At the Gamification Shoreditch conference last month, Raf Keustermans said that Zynga had a duration of only two months.

That means that the average user only stays playing any one of its games for two months before they quit. Raf used this to suggest that even Zynga, the doyen of social games, can’t keep players and has to spend heavily not just on advertising for customer acquisition, but advertising for customer retention.

I’ve been thinking hard about this, and something doesn’t ring true.

Zynga is the best, most profitable, large social games company on the planet.

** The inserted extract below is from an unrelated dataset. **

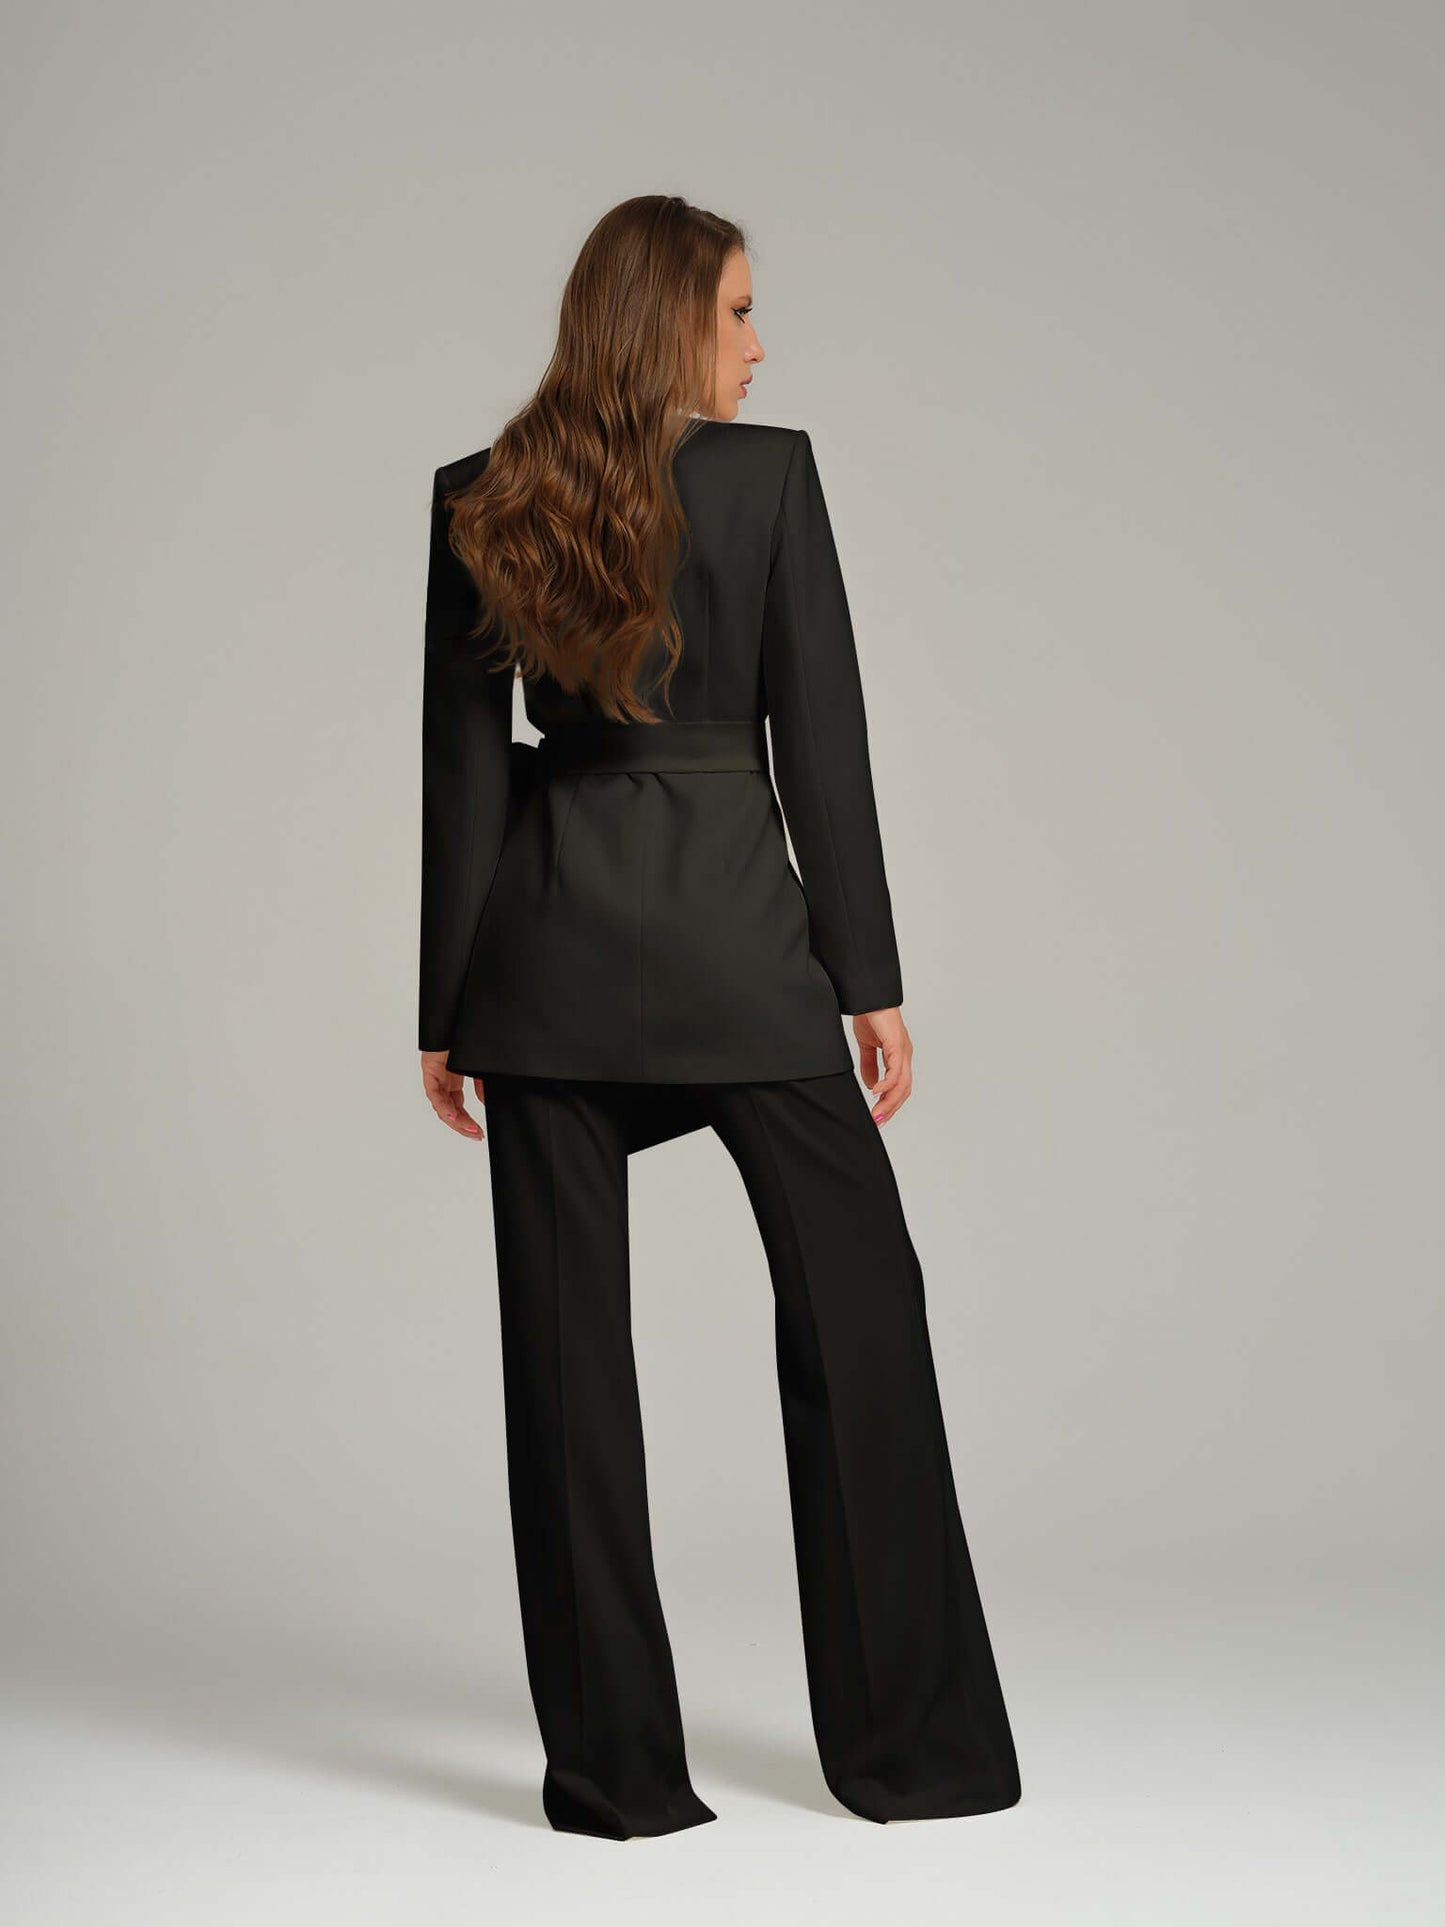 Black Pearl Blazer With Bow Belt by Tia Dorraine Women's Luxury Fashion Designer Clothing Brand

It is believed to be generating over $850 million in revenues with a margin of nearly 50%. TechCrunch says that Zynga is paying Facebook $30 million a month for its share of Cityville spending alone, implying that Cityville is currently making $100 million in revenue a month.

Cityville splash screen

How can a company that is doing so well succeed when it is losing customers so fast?

Averages hide the truth

My hypothesis (and it is just that, I have no proof) is that, as so often in social games, averages hide the truth.

Imagine a scenario that plays out like this:

  • You arrive at Cityville and play for a few weeks.
  • Every time Zynga invites you to “come back tomorrow, spam your friends or spend some money” you elect to come back tomorrow.
  • After one month, Zynga concludes you have such a low likelihood of buying a virtual item in Cityville, it starts pestering you to leave, and go and play one of their many other Facebook games instead.

It looks, to an outsider, as if you got bored of Cityville and left. What actually happened was that Zynga shifted you into a different funnel.

Compare that to the committed Cityville player who is spending money regularly, inviting new players and keeping their friends active in the game. Zynga works hard to keep them engaged, spending and within the game for many months.

It’s about segmenting your audience

So it’s possible that the two month duration is a sign of Zynga’s strength, not its weakness. It isn’t suffering a retention problem; it is sophisticated enough to be able to recognise a “low likelihood to pay” customer and transfer them into another game in the hope they will convert better over there.

I’m not saying this is what Zynga is doing. I have no specific insight.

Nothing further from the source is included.